ASSIGNMENT → Reproduce, without alteration, every line of the data; exclude the images.

COLLECTED MATERIAL →
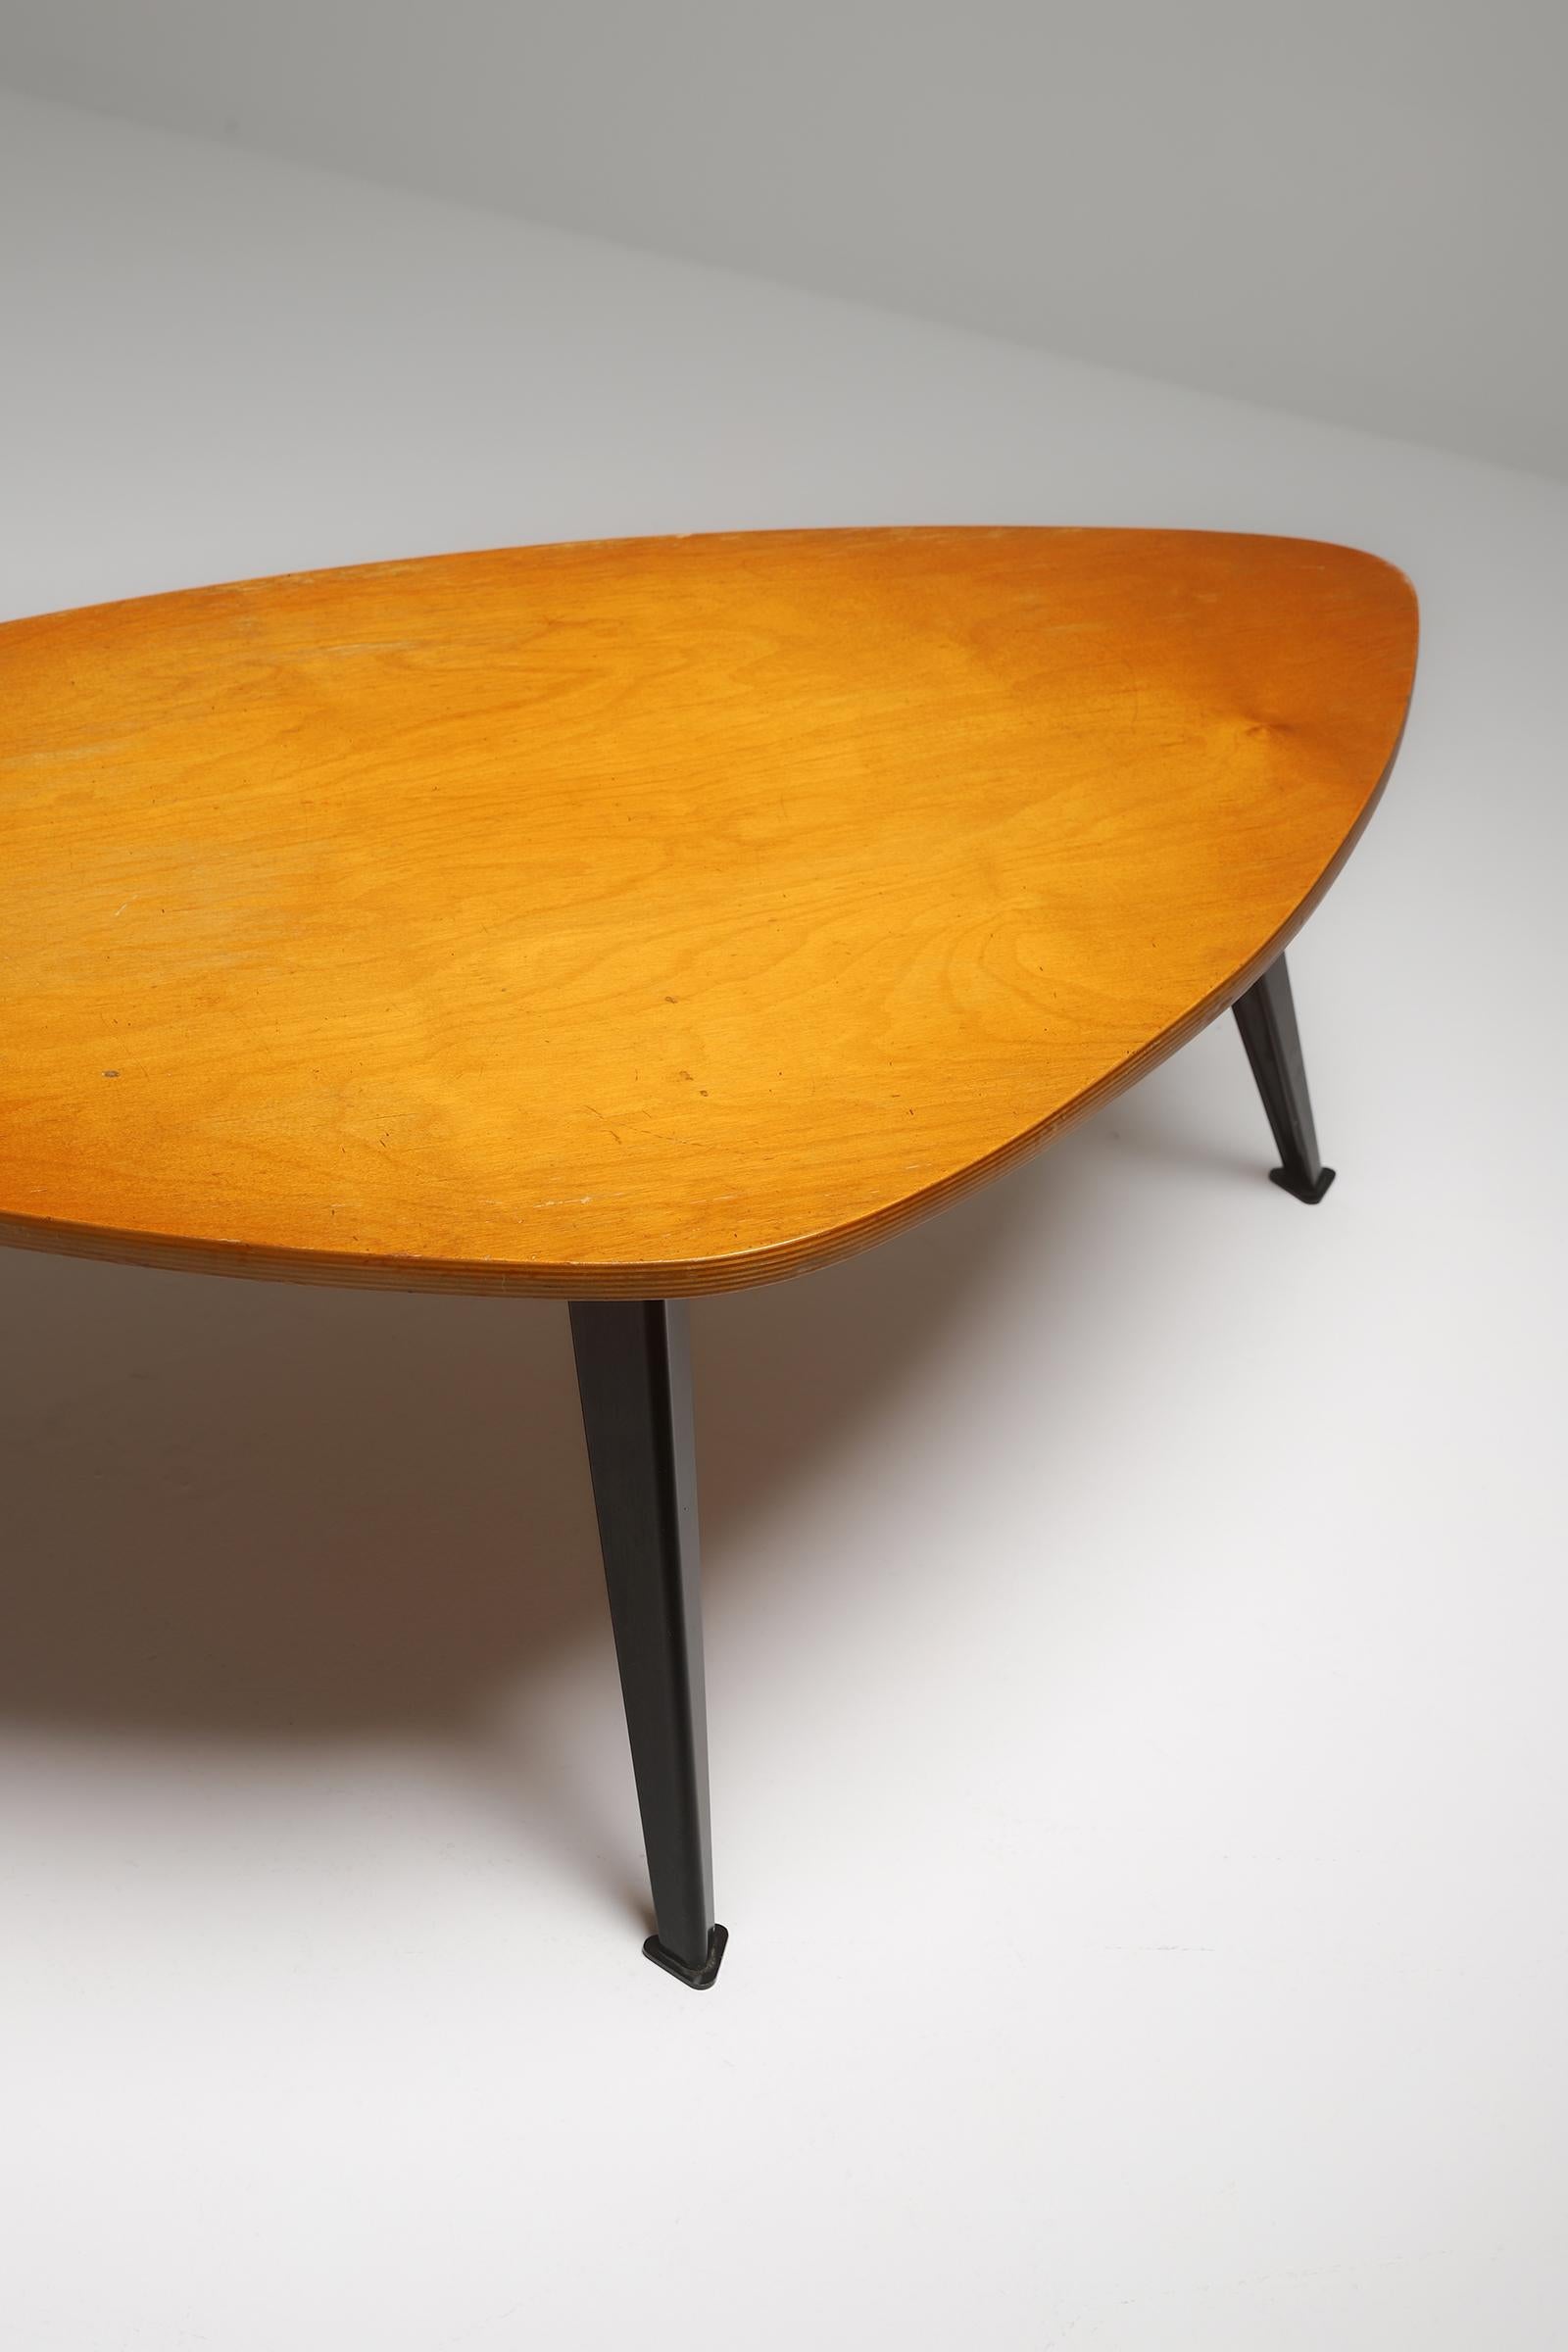 Mid-century modern wooden Coffee Table by Willy Van Der Meeren 1950s 1
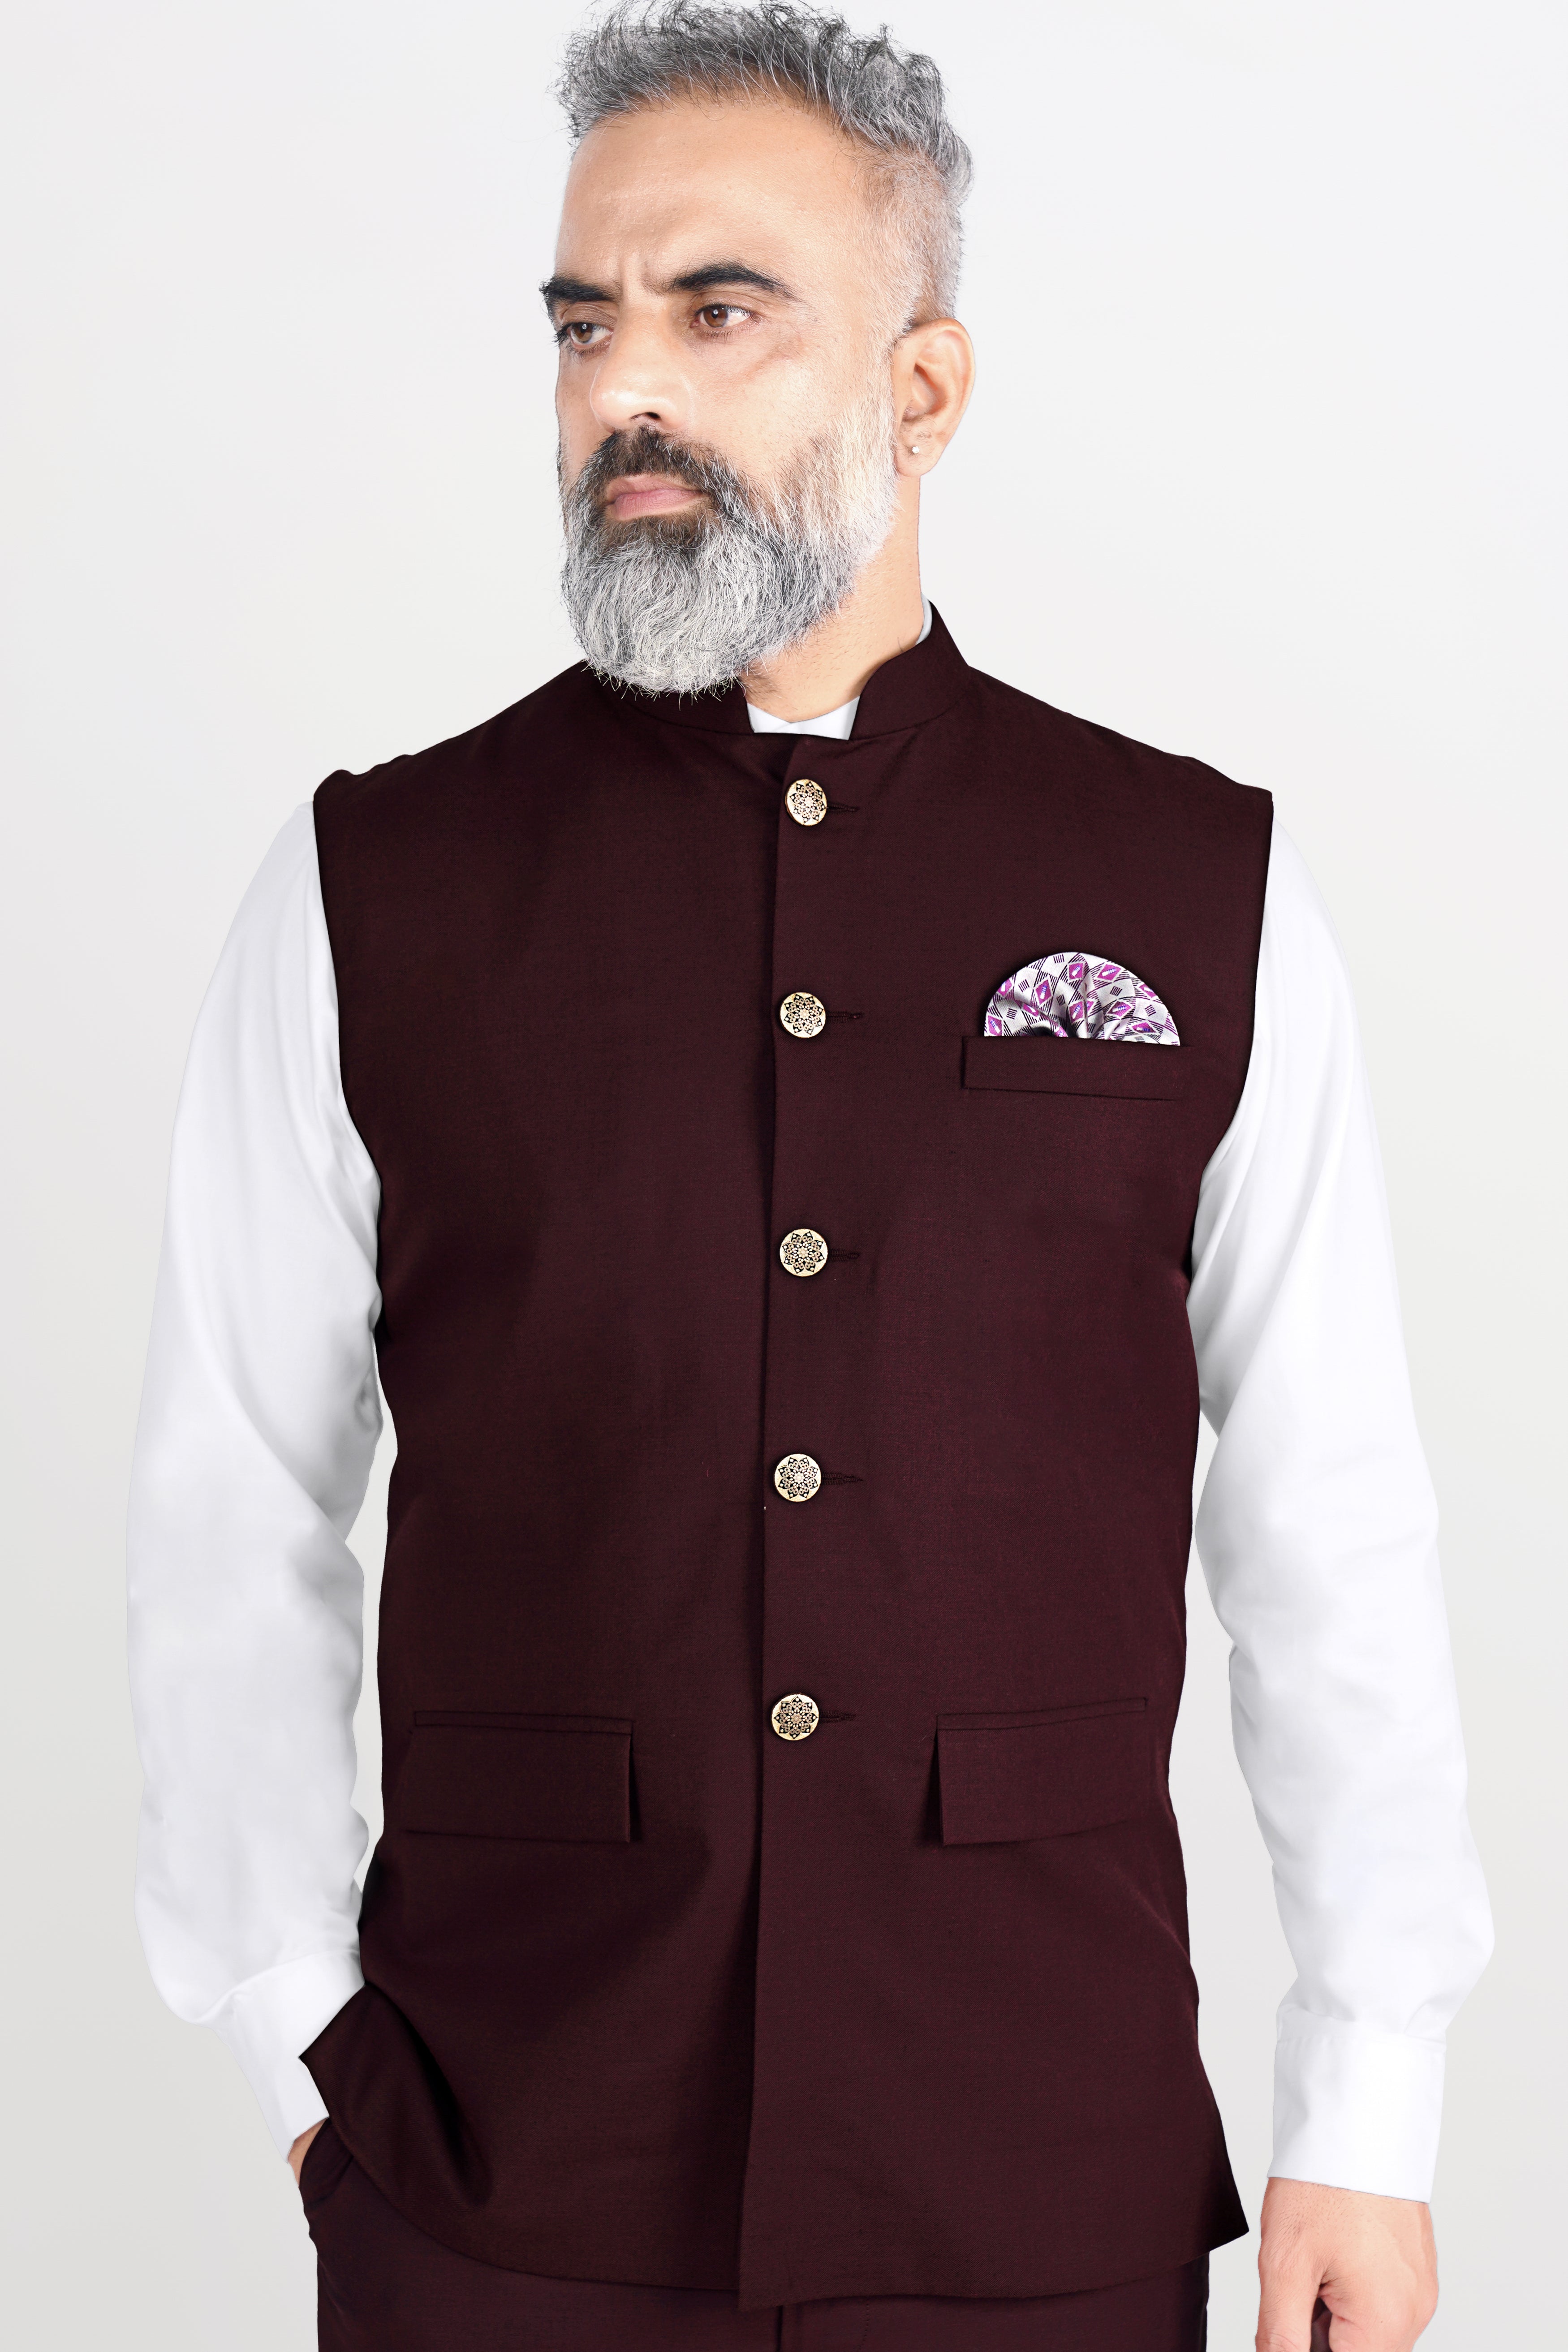 Cotton Silk Blend Solid Nehru Jacket in Maroon | Nehru jackets, Jackets, Maroon  jacket
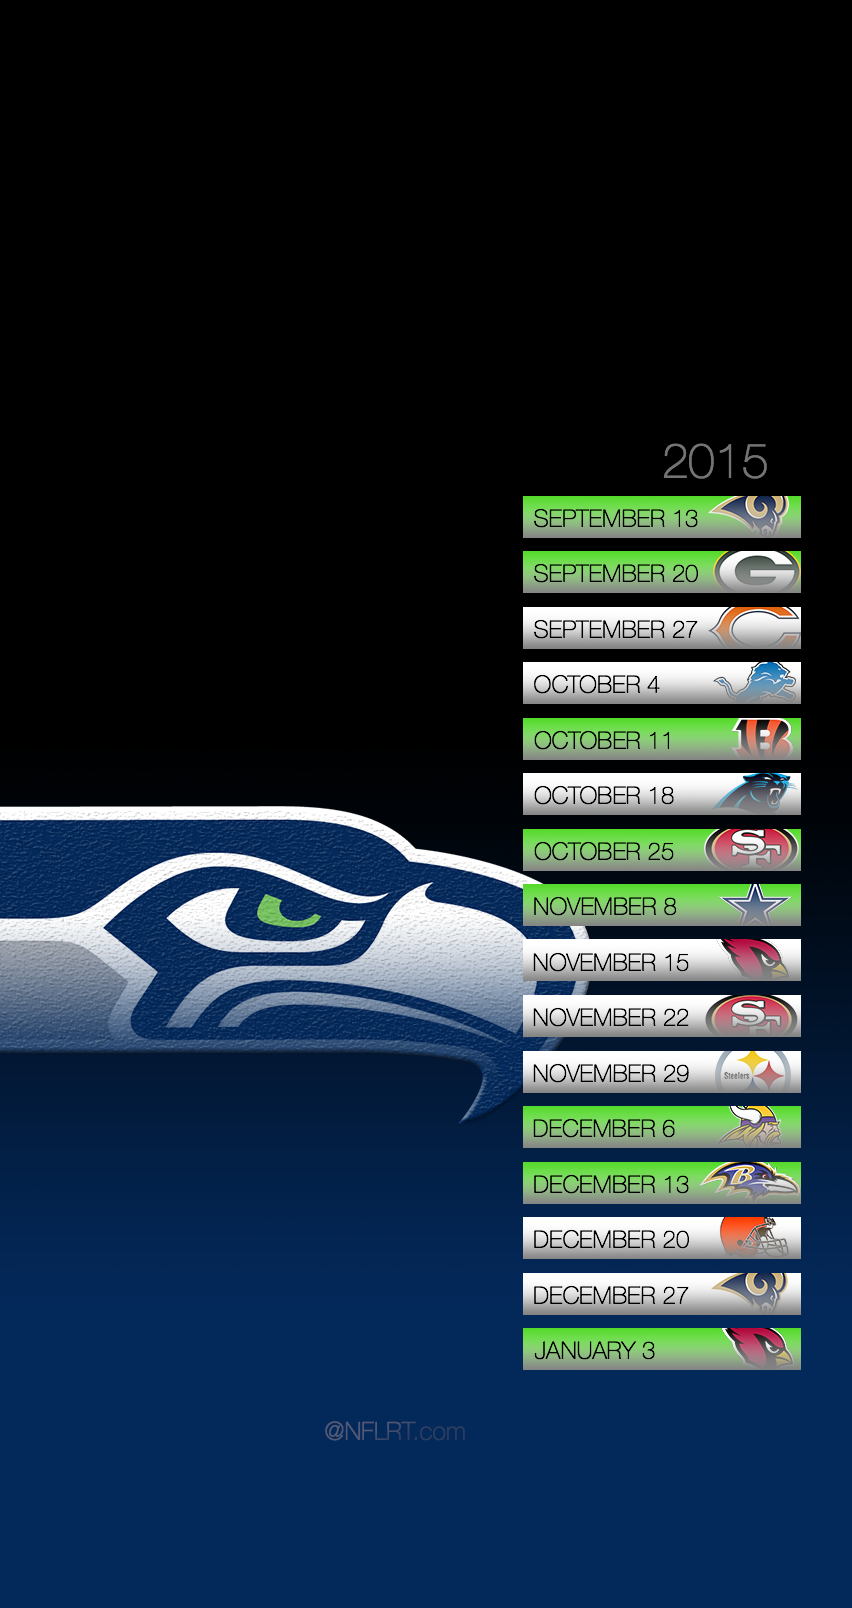 2015 NFL Schedule Wallpapers - of 8 - NFLRT

RESULT OF THE EXERCISE →
 Mid-century modern wooden Coffee Table by Willy Van Der Meeren 1950s 1
 Cotton Silk Blend Solid Nehru Jacket in Maroon | Nehru jackets, Jackets, Maroon  jacket
 2015 NFL Schedule Wallpapers - of 8 - NFLRT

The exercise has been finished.